» Data for the task

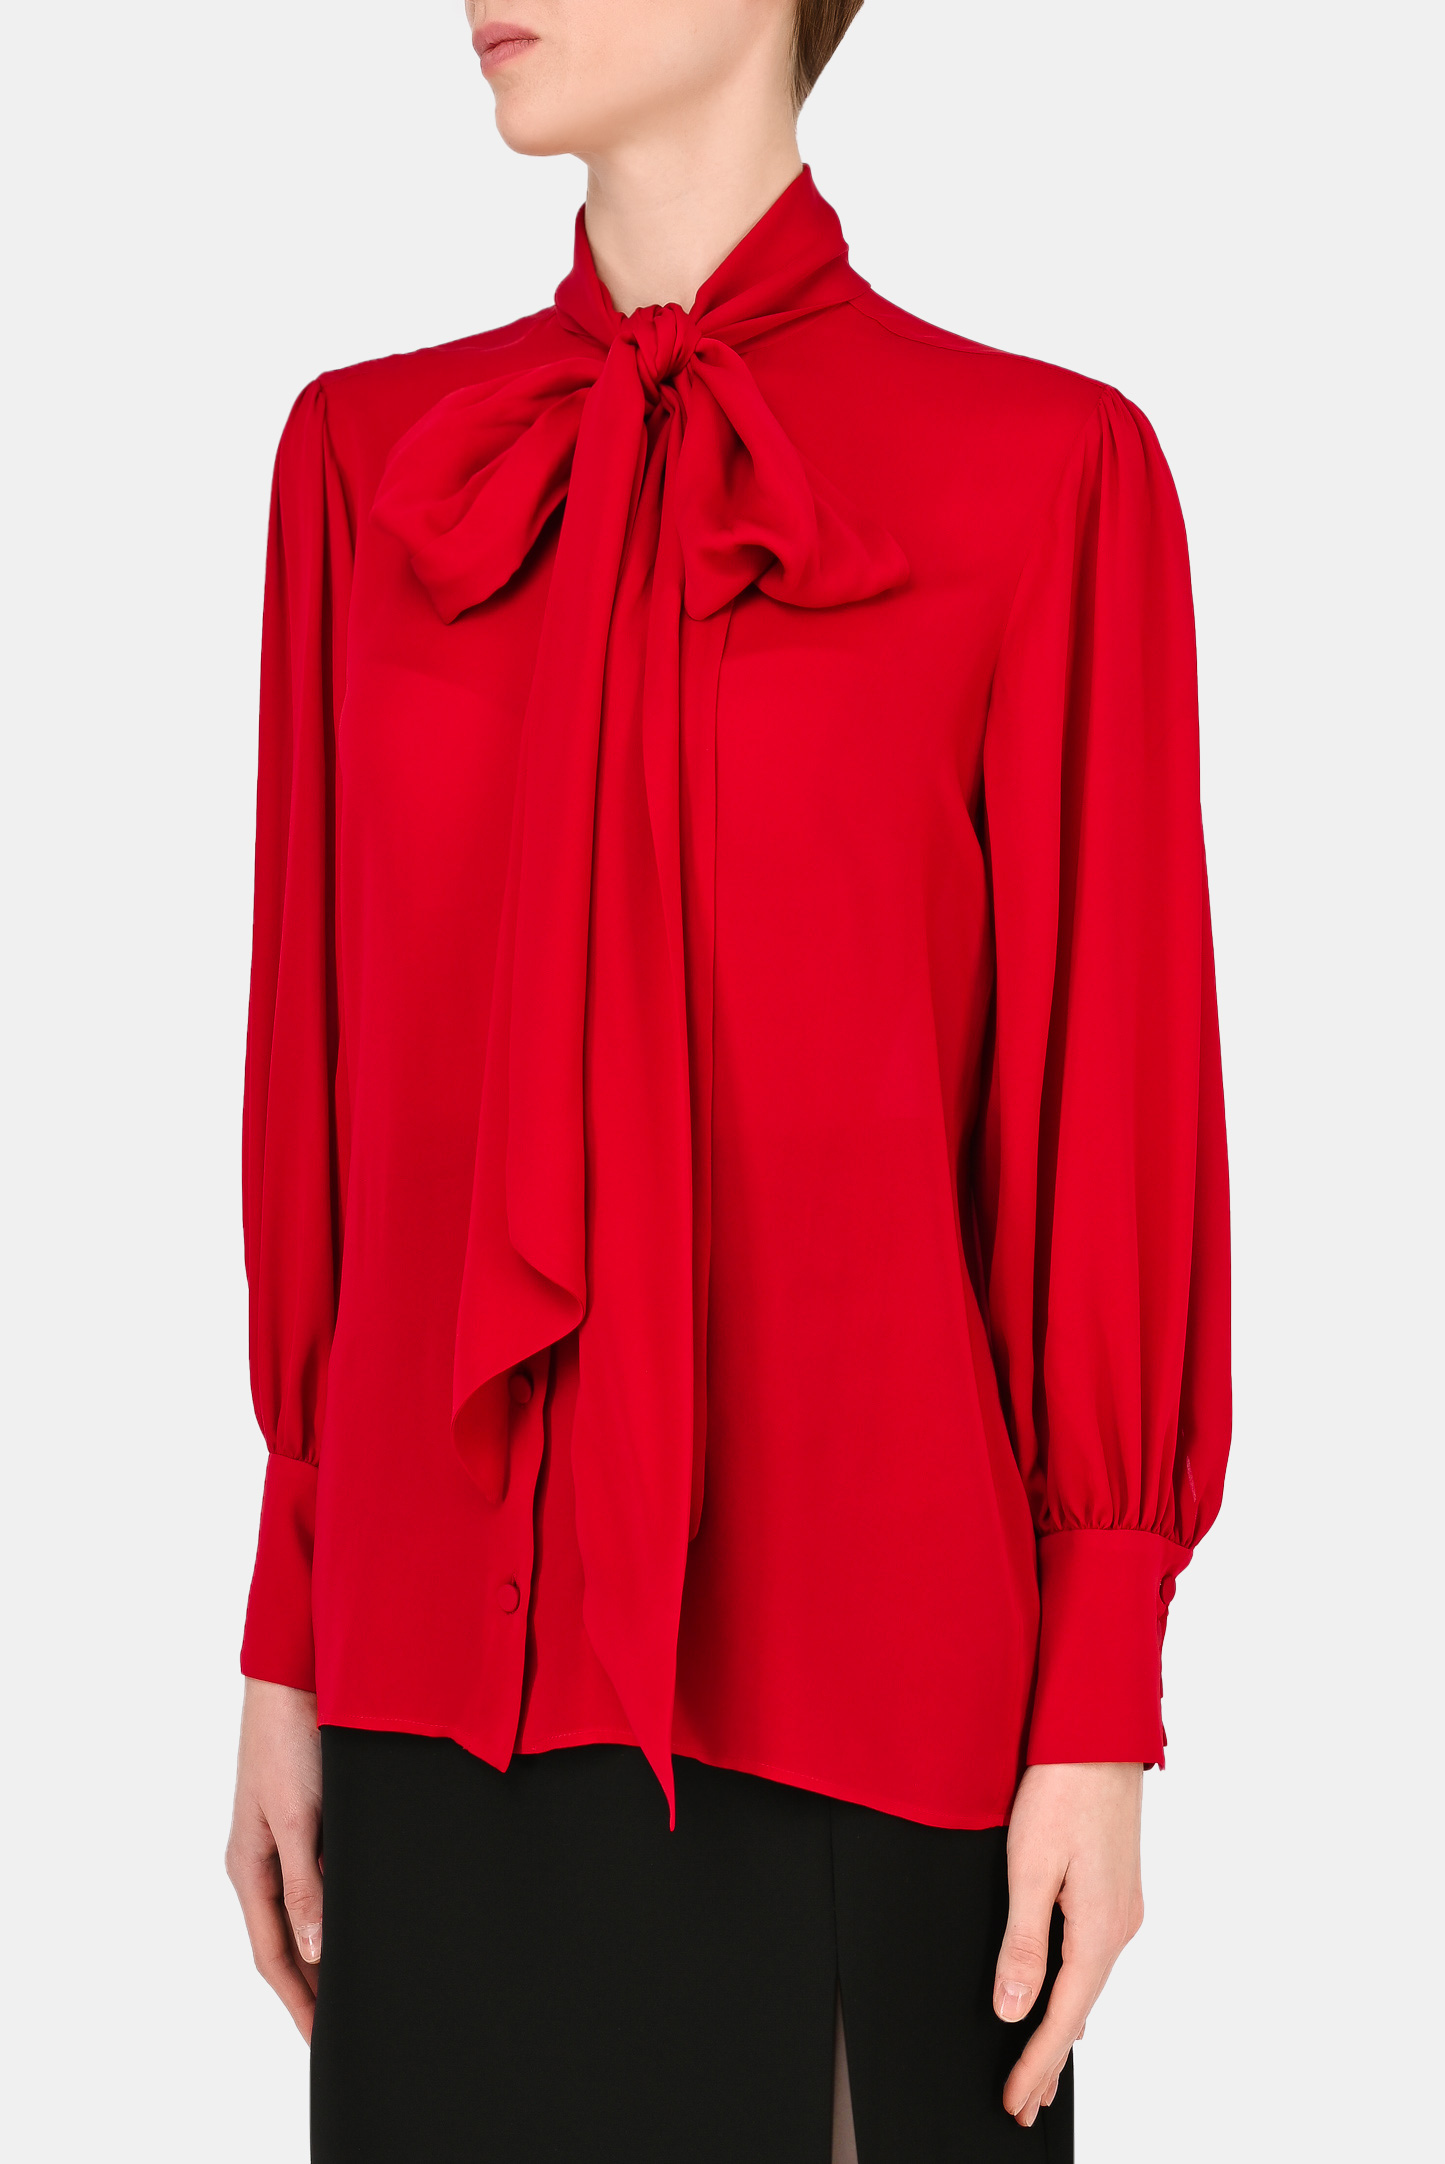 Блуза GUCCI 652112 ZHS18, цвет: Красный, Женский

==

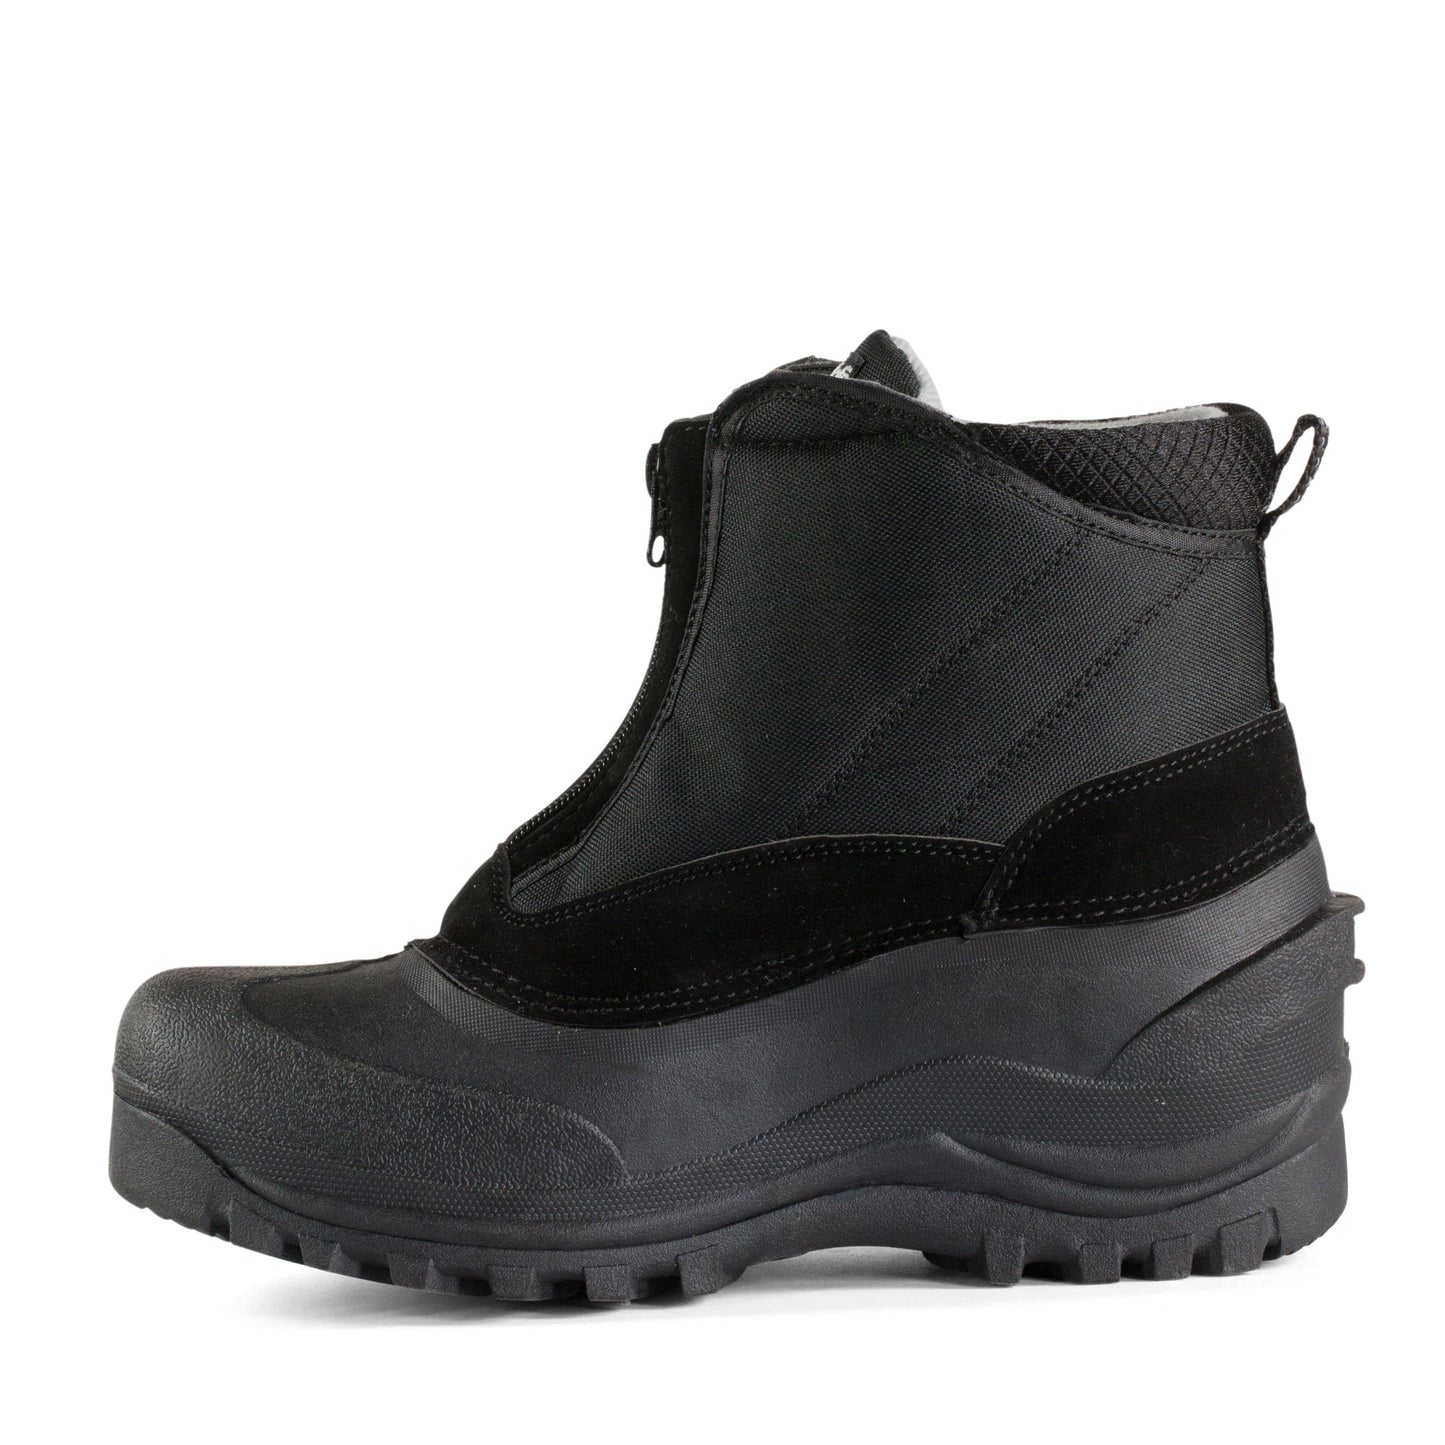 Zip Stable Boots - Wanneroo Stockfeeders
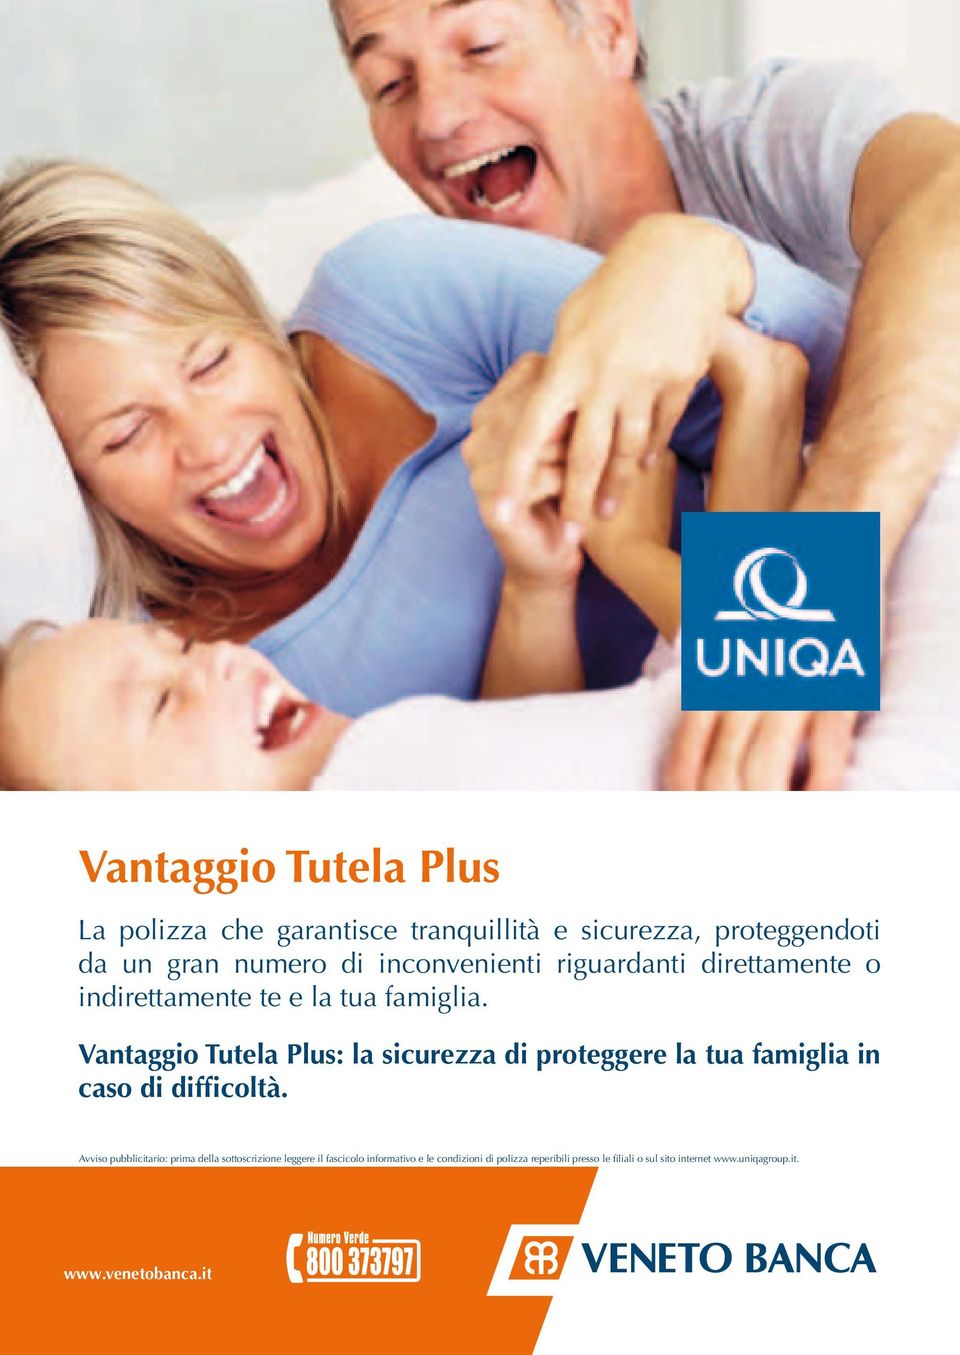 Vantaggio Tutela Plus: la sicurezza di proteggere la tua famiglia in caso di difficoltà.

==

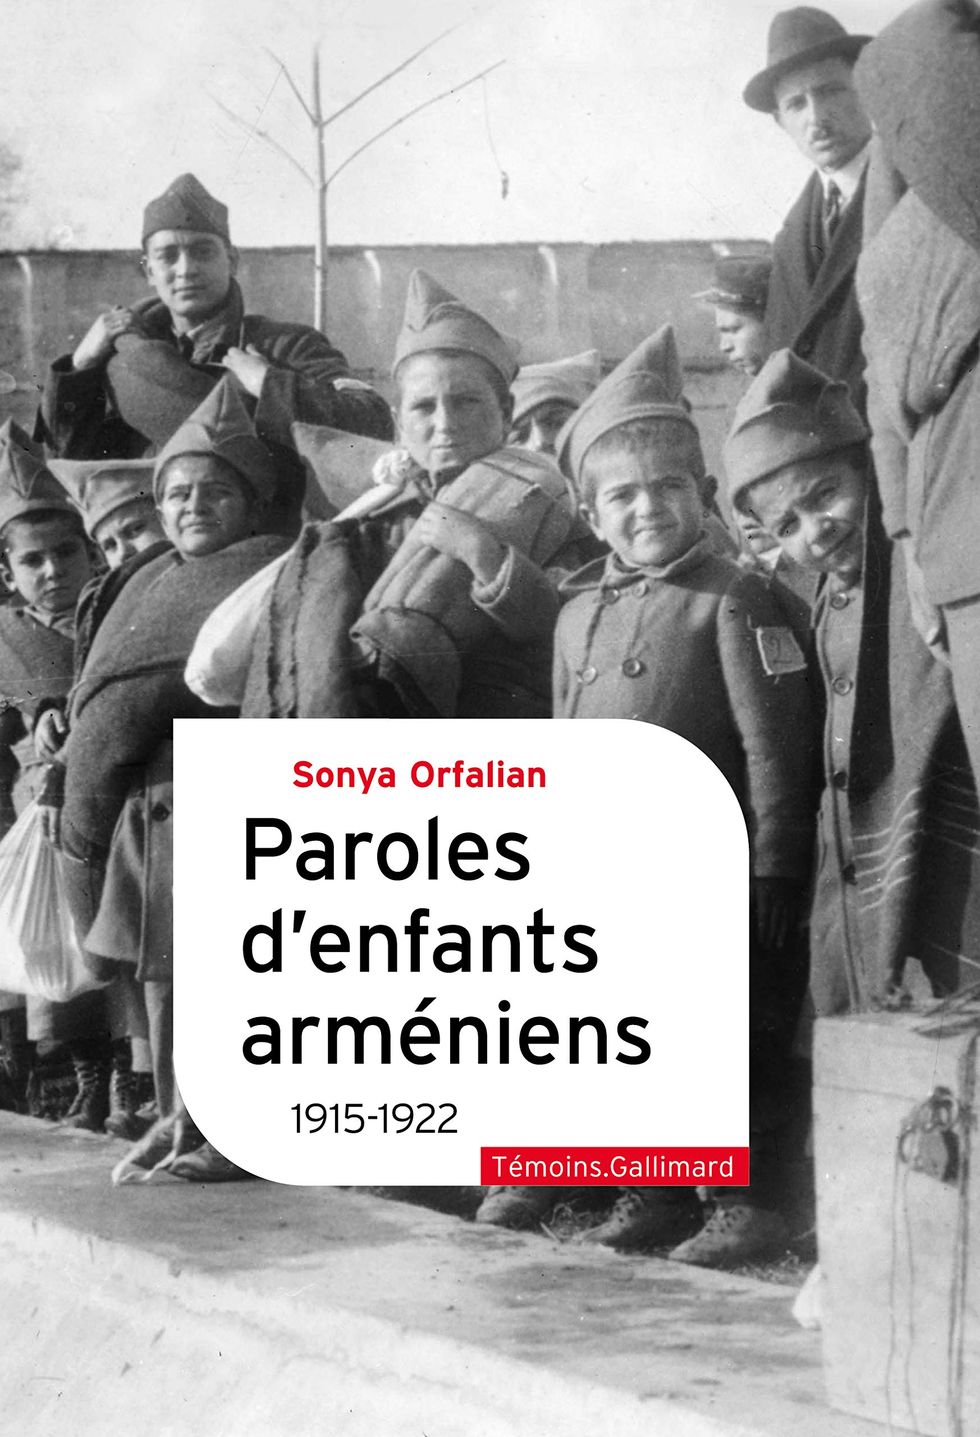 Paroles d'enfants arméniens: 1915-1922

» What to do
Reproduce word for word, with pictures dropped, only the part of the material above that opens with the line containing "Zip Stable Boots - Wanneroo Stockfeeders" and closes with the line containing "Vantaggio Tutela Plus: la".

» Exercise answer
 Zip Stable Boots - Wanneroo Stockfeeders
 Vantaggio Tutela Plus: la sicurezza di proteggere la tua famiglia in caso di difficoltà.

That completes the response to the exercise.